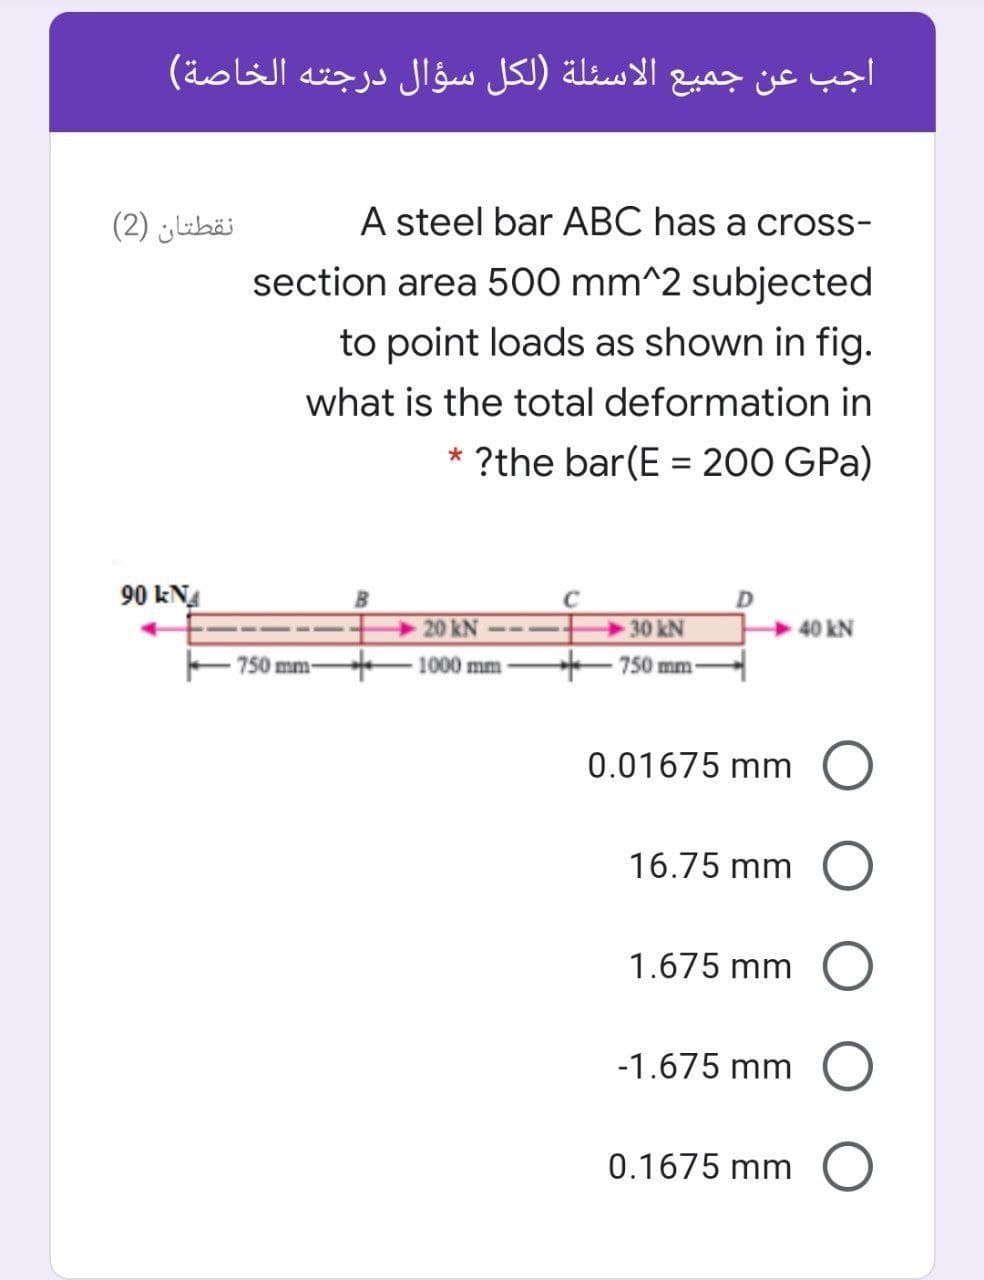 اجب عن جميع الأسئلة )لكل سؤال درجته الخاصة(
نقطتان )2(
A steel bar ABC has a cross-
section area 500 mm^2 subjected
to point loads as shown in fig.
what is the total deformation in
* ?the bar(E = 200 GPa)
%3D
90 kNA
20 kN
30 kN
- 750 mm-
- 1000 mm -
750 mm-
0.01675 mm
16.75 mm
1.675 mm
-1.675 mm
0.1675 mm
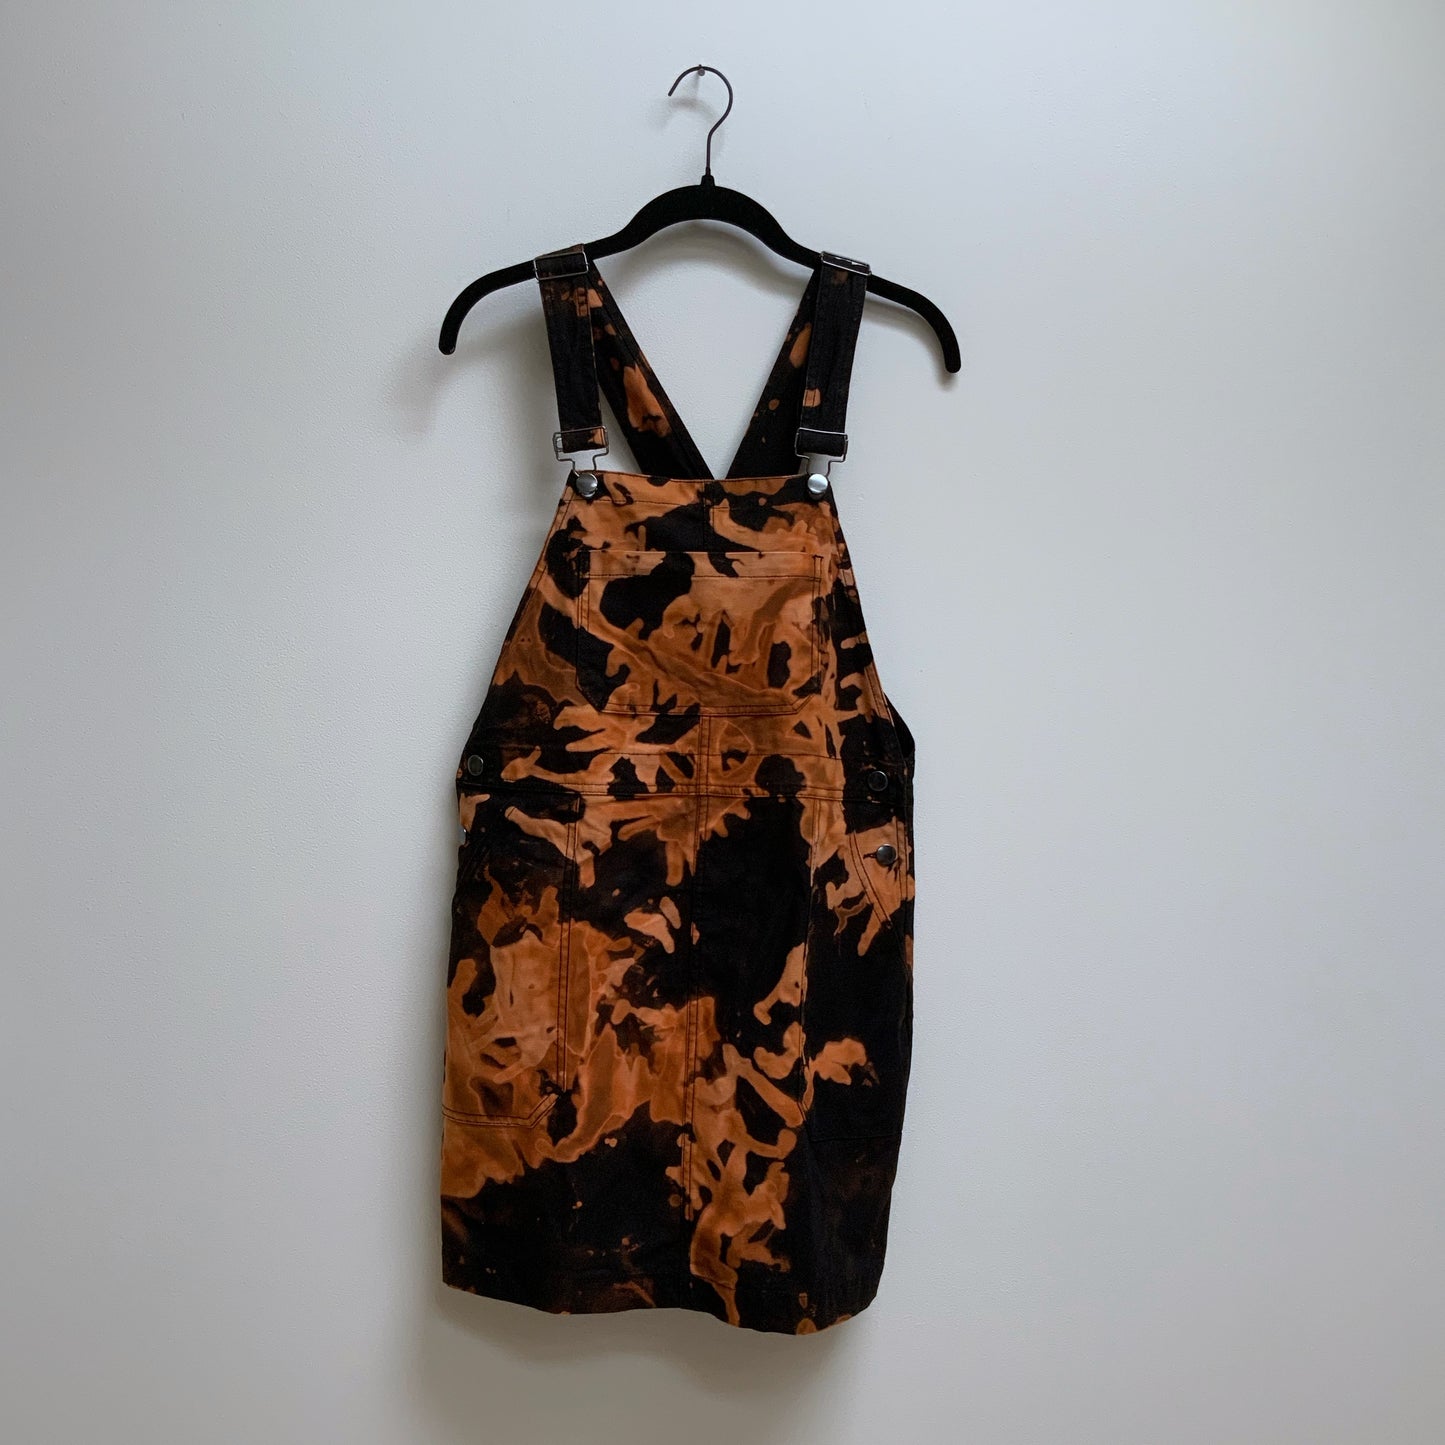 Flame Overall dress

* TASK OBJECTIVE:
Only the lines from the one with "what is the total deformation in" through the final line of the data should be written out, exactly and including both ends. Skip the pictures.

* RESPONSE:
what is the total deformation in
* ?the bar(E = 200 GPa)
%3D
90 kNA
20 kN
30 kN
- 750 mm-
- 1000 mm -
750 mm-
0.01675 mm
16.75 mm
1.675 mm
-1.675 mm
0.1675 mm
 Flame Overall dress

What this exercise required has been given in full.